In October 2023, 23andMe publicly disclosed that hackers had accessed approximately 6.9 million user accounts through credential stuffing attacks. This technique exploits previously compromised usernames and passwords from unrelated data breaches to gain unauthorized access to accounts at other companies. The personal data exposed included genetic information, family connections, health information, and other sensitive data that users had entered into the 23andMe platform.
The stolen data was subsequently offered for sale on the dark web, heightening privacy concerns. Notably, 23andMe did not admit guilt or liability as part of this settlement agreement, a standard legal provision that allows companies to settle without accepting responsibility. However, the company agreed to pay the settlement amount and implement improved security measures going forward. For claimants, the relevant fact is that 23andMe verified your data was compromised and notified you; whether the company admits liability is a legal distinction that doesn’t affect your eligibility or compensation amount.
Why Settlements Like This Matter and What’s Next?
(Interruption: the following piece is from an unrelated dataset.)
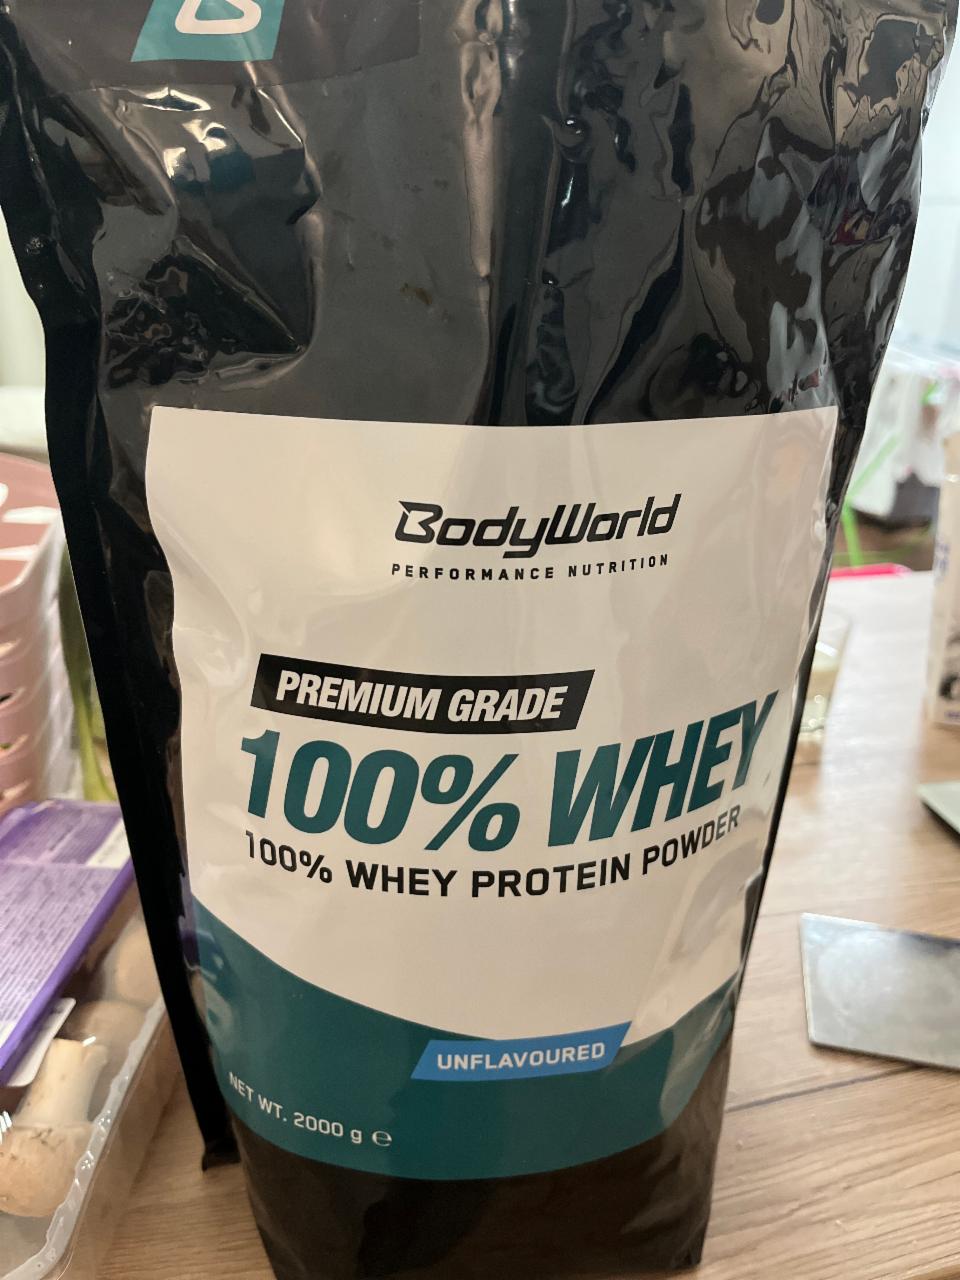 Fotografie - 100% Whey protein powder unflavoured BodyWorld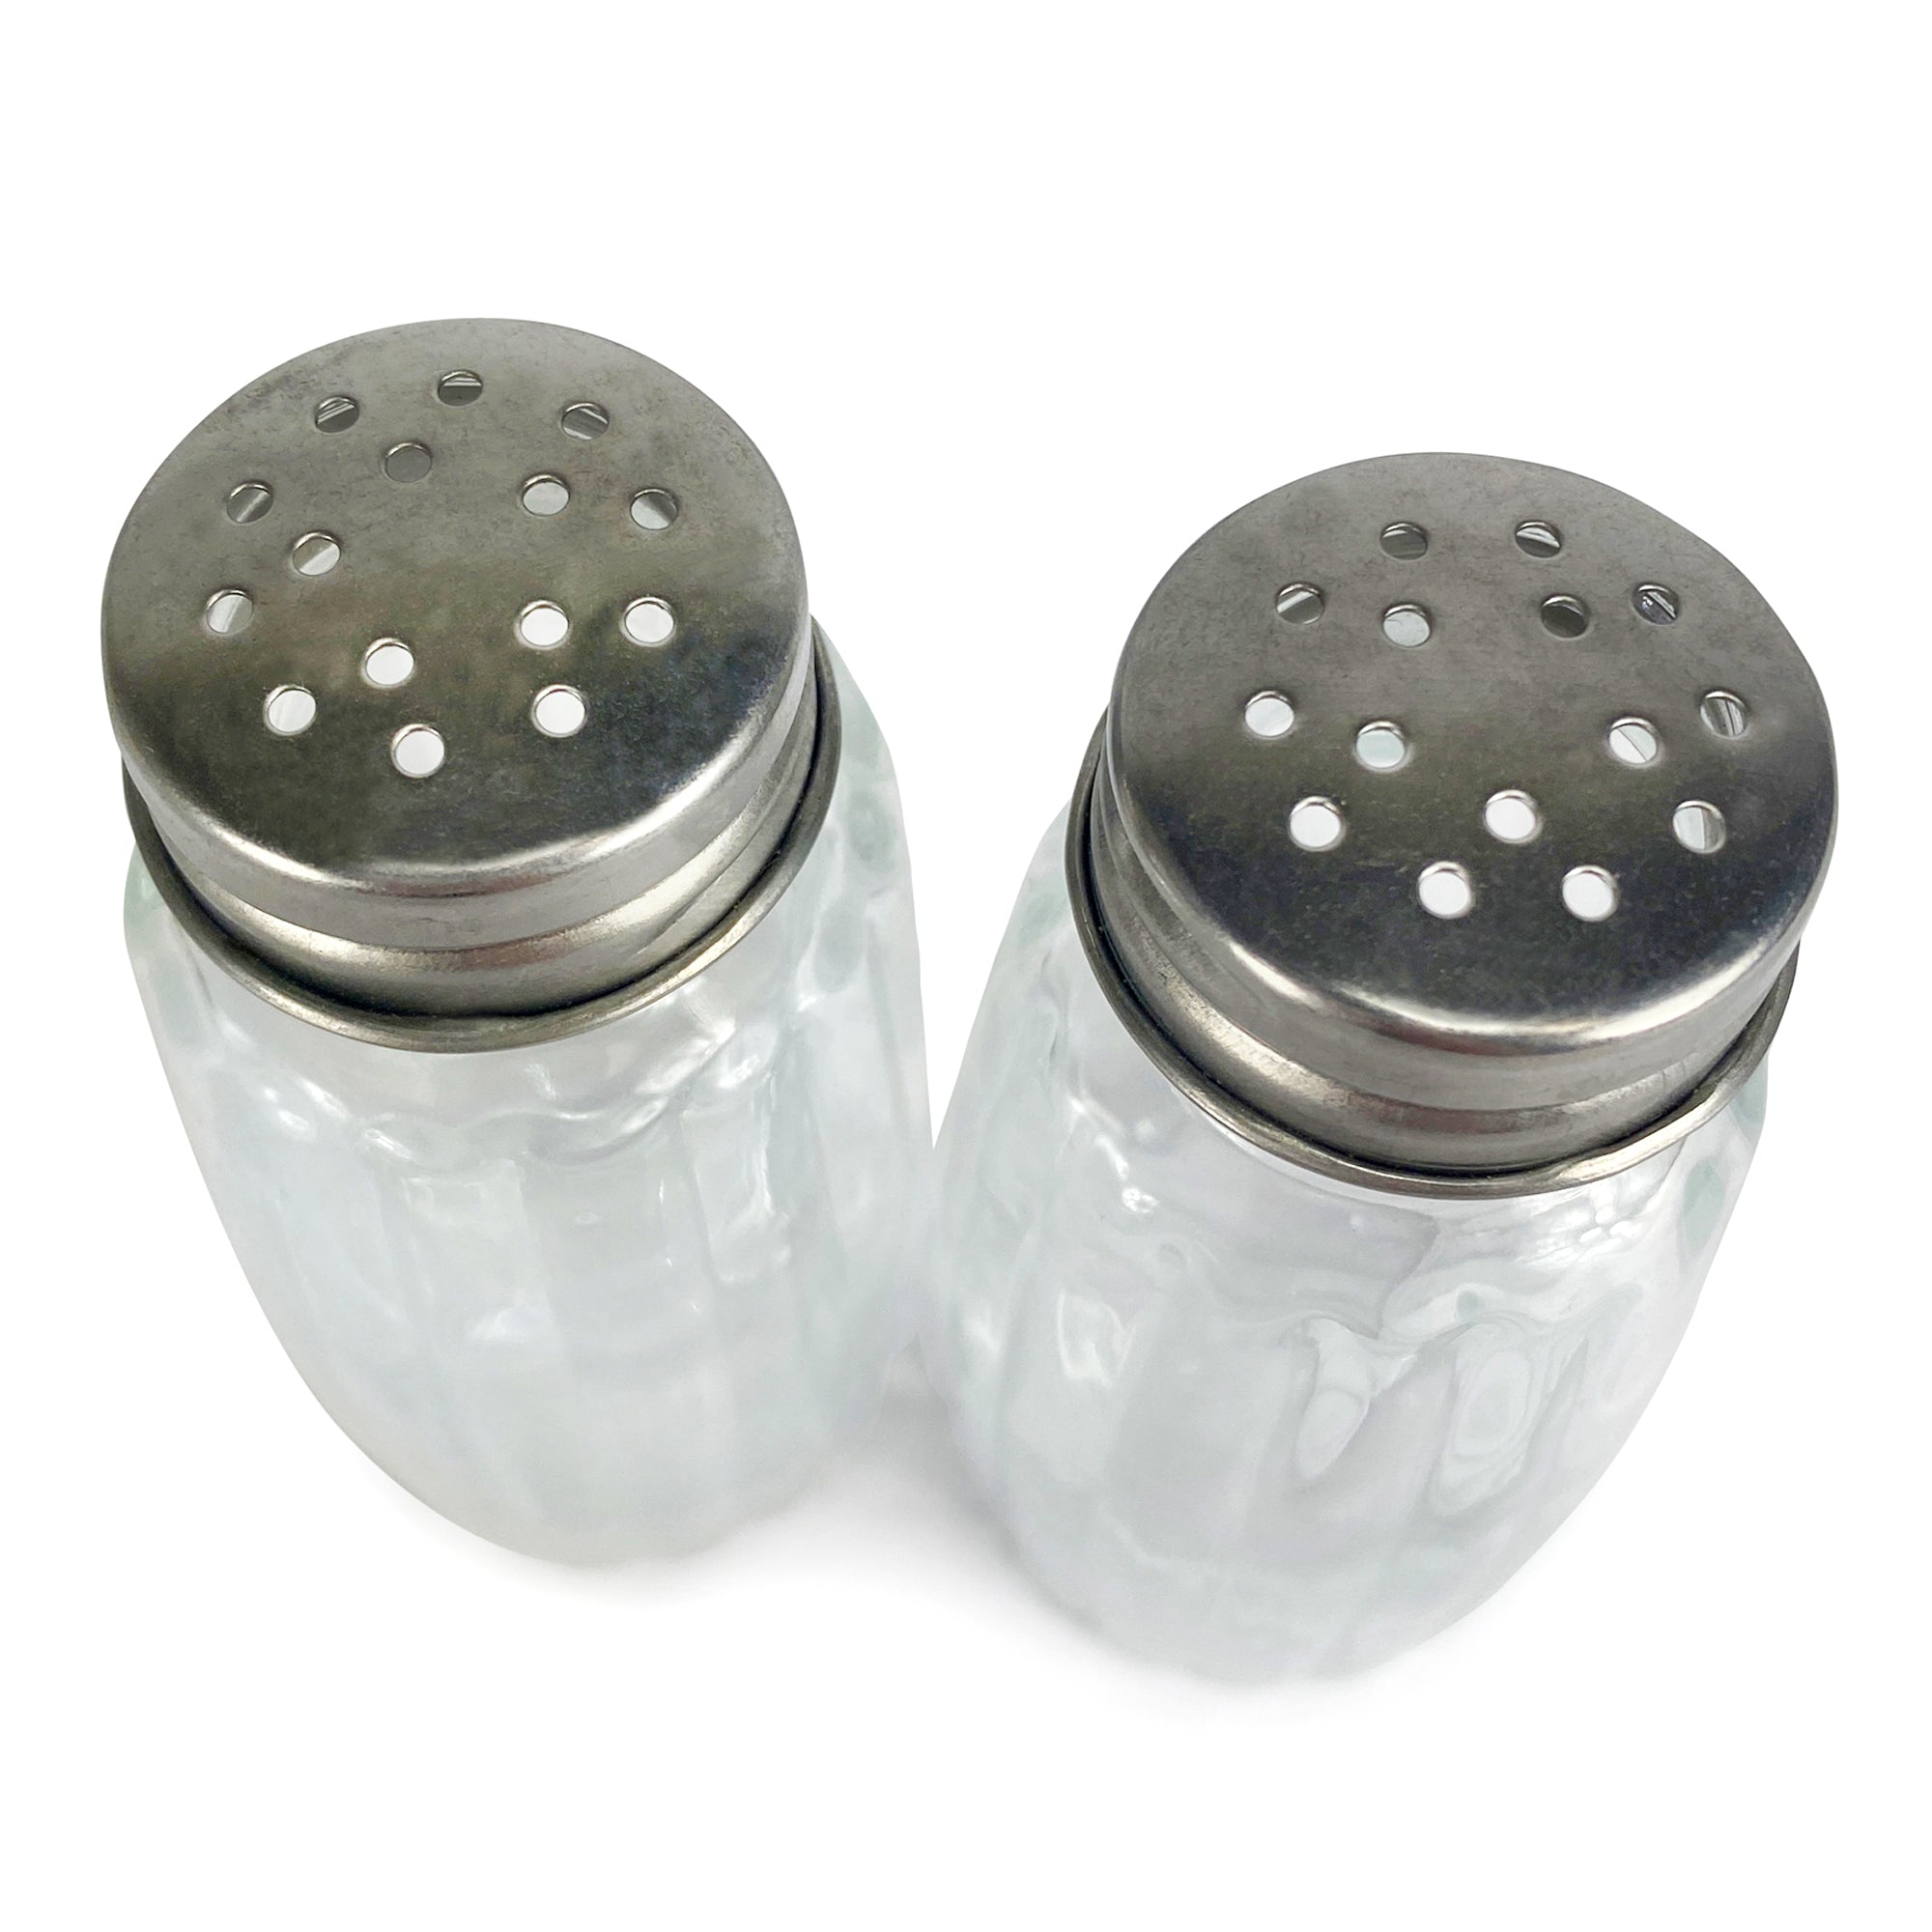 PSI Salt and Pepper Shaker Kit Set

The 23andMe settlement represents an important recognition that genetic and health data companies must be held accountable for security failures. As more people use direct-to-consumer DNA testing and health platforms, these companies hold increasingly sensitive personal information. When breaches occur, settlements like this one provide a mechanism for consumers to recover some of their losses and incentivize companies to improve security practices.
Moving forward, if you’re a 23andMe customer, review your account security settings, enable two-factor authentication, and monitor your accounts for suspicious activity. The lesson from this breach applies broadly: any company holding your genetic or health data should be viewed as a security-critical entity deserving of strong passwords and account protection measures. While settlements can’t undo the privacy violation, they provide financial recognition of the harm caused and help fund better security standards across the industry.